YOUR ASSIGNMENT -> Copy, word for word, the lines below from the one containing "The new Sunshine" up to and including the one containing "Bornino Langarmshirt 100/%", with pictures left out.

EXTRACTED MATERIAL ->

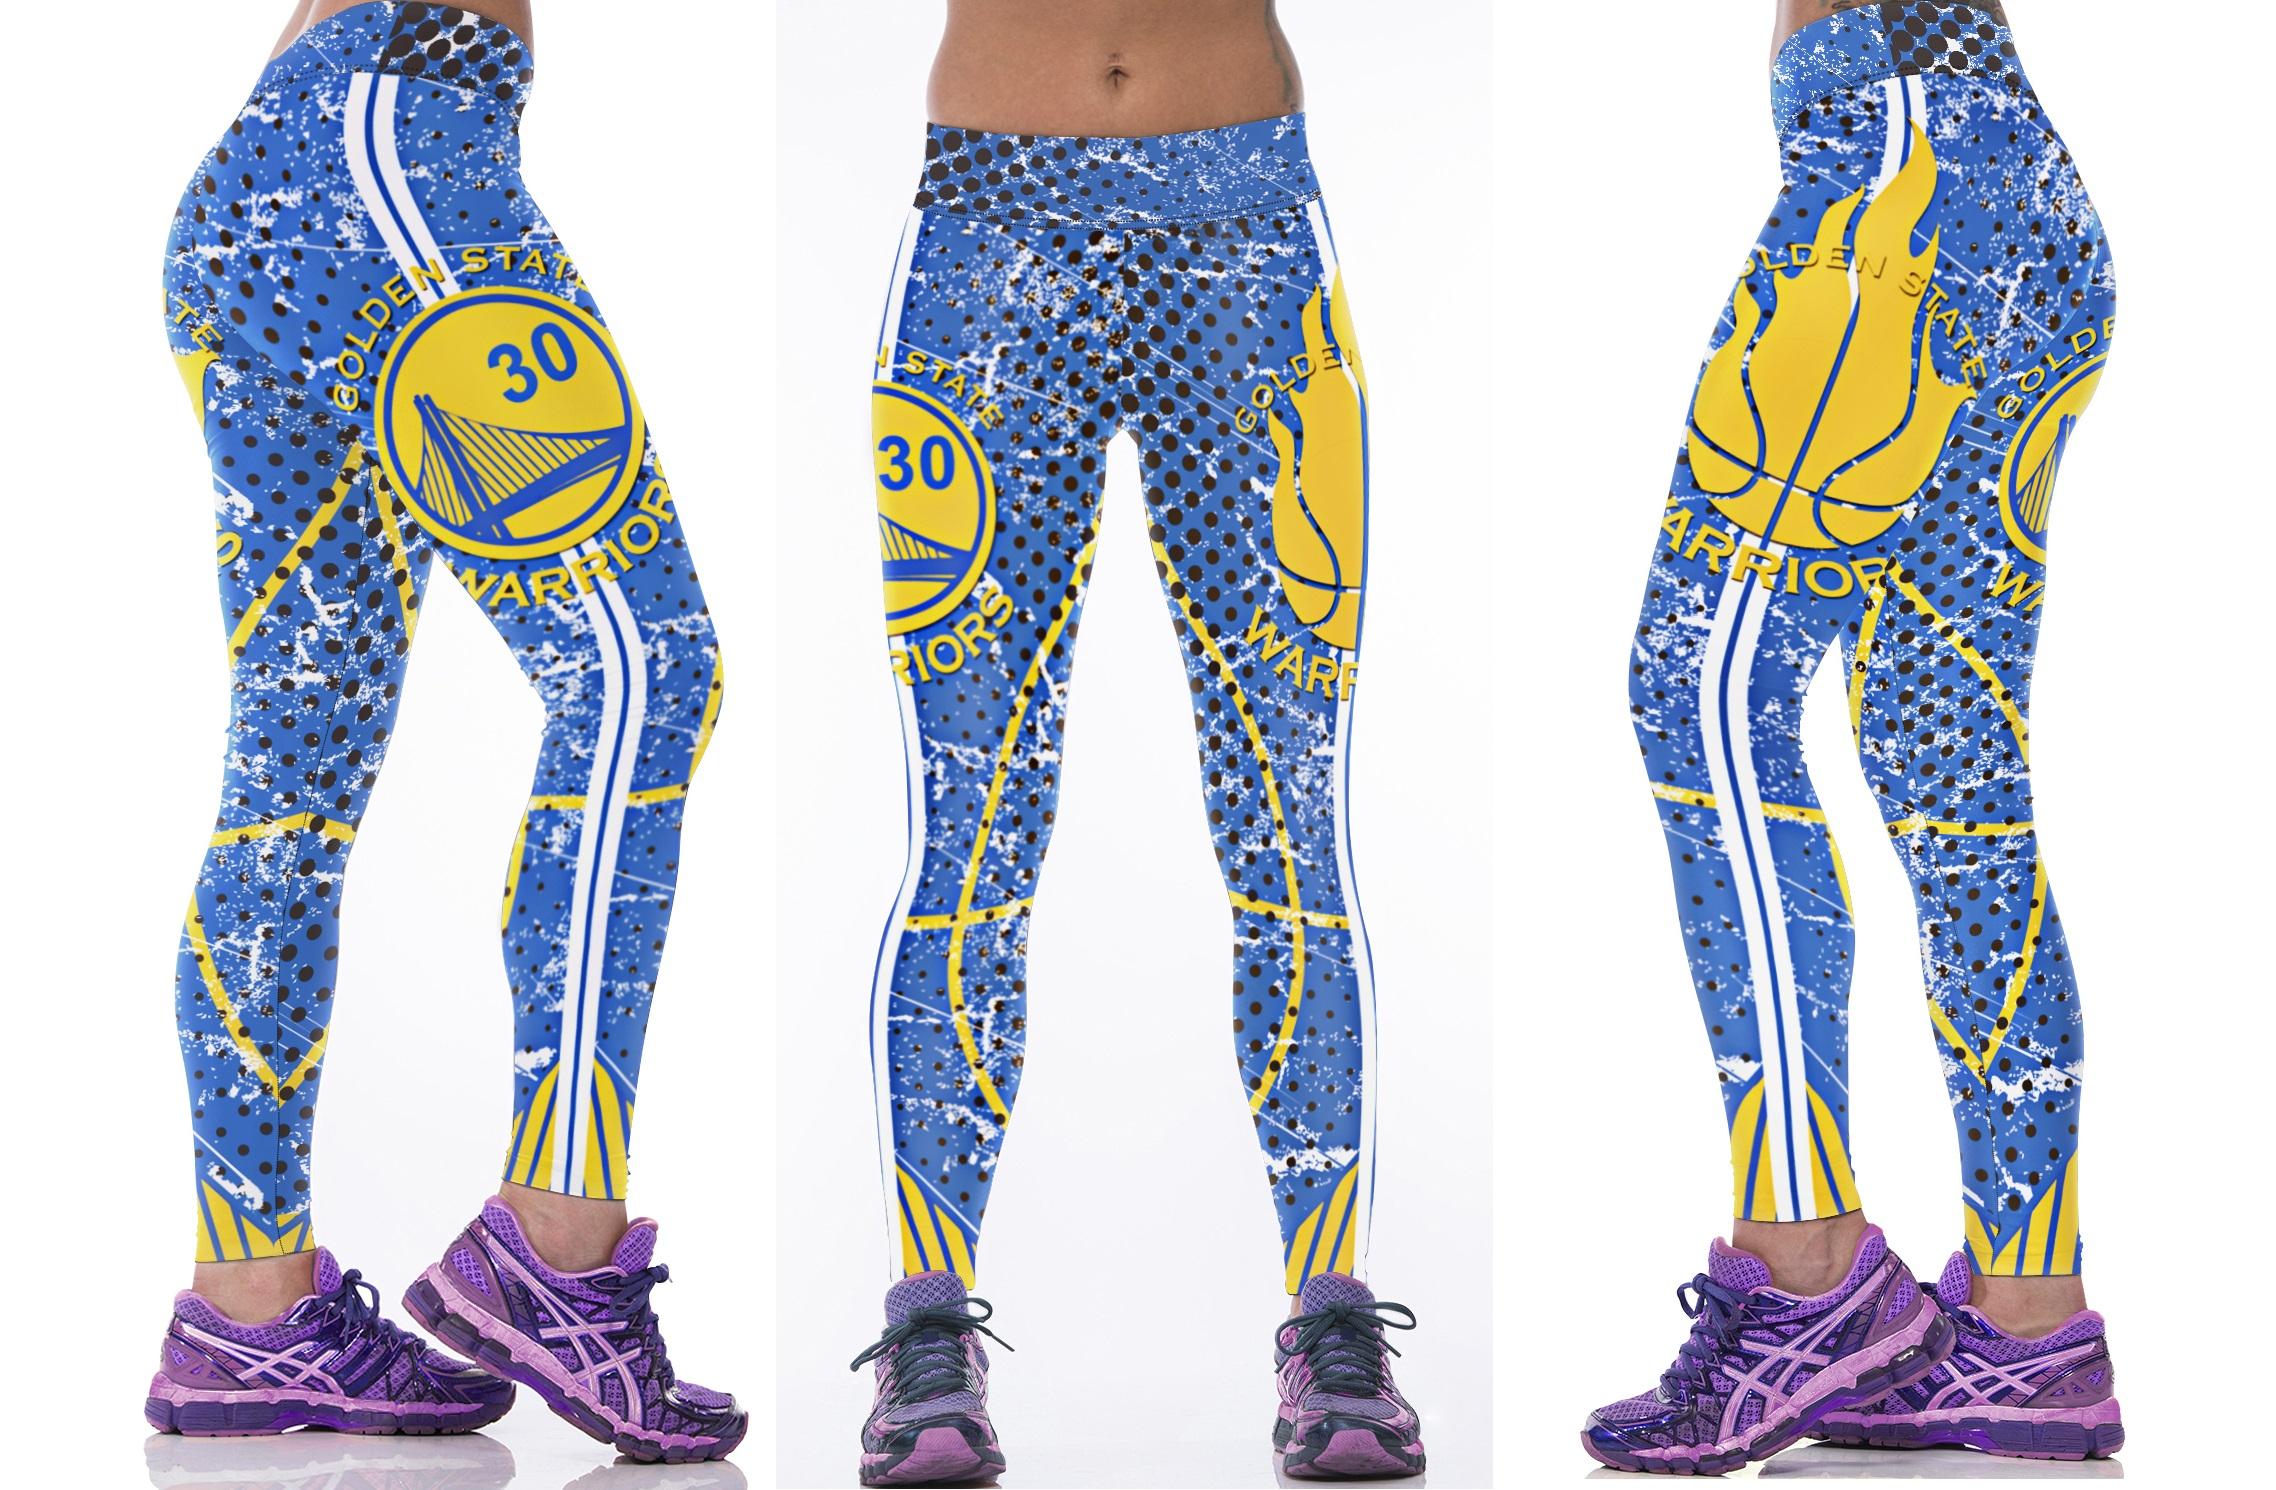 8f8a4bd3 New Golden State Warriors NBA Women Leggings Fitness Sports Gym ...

==

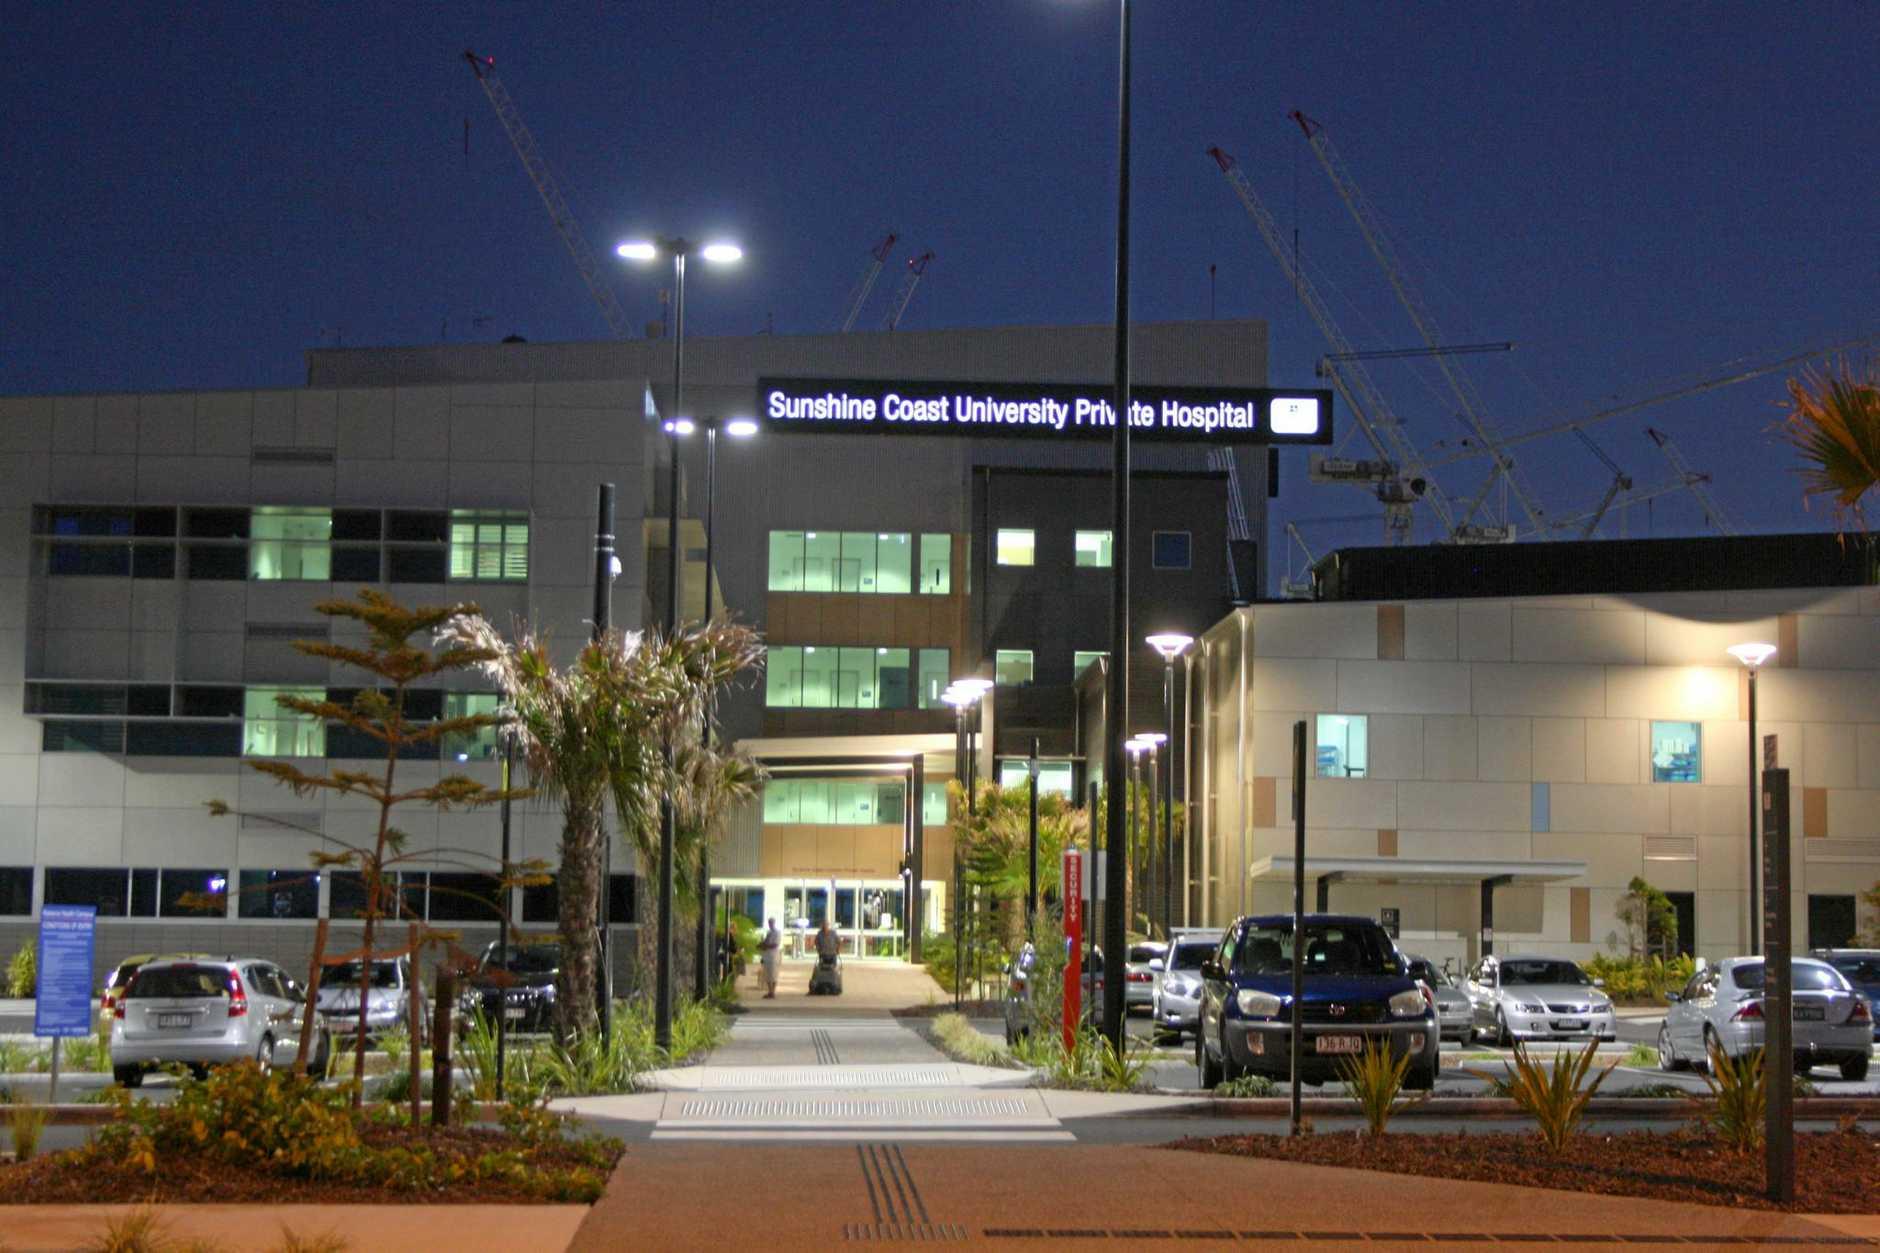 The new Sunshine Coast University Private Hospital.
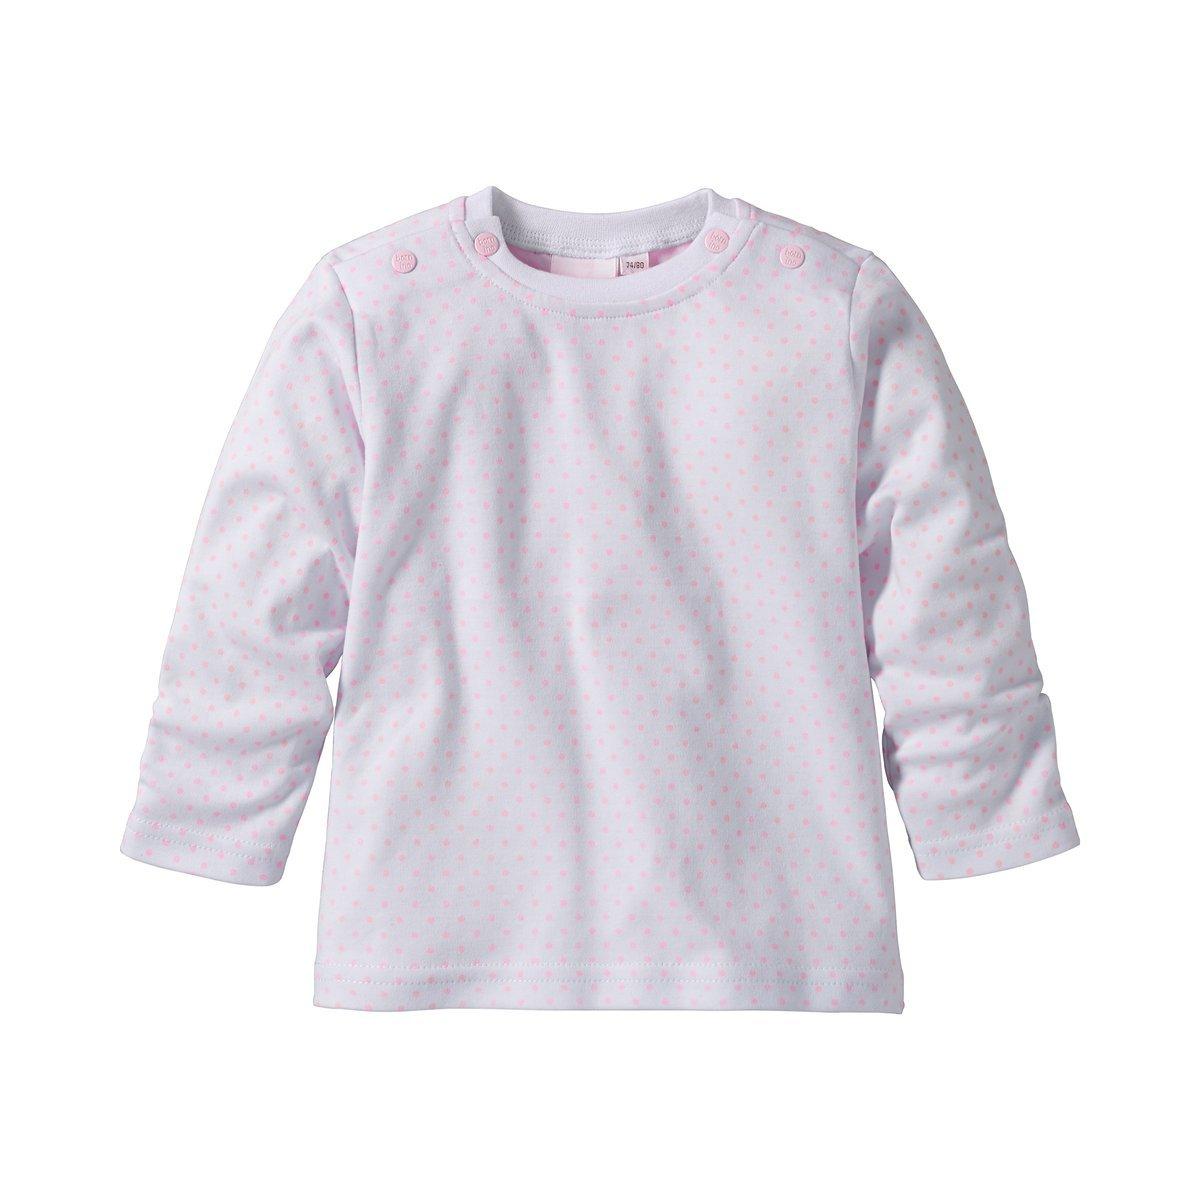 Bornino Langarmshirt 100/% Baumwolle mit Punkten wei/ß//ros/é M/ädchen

SOLVED PROBLEM ->
 The new Sunshine Coast University Private Hospital.
 Bornino Langarmshirt 100/% Baumwolle mit Punkten wei/ß//ros/é M/ädchen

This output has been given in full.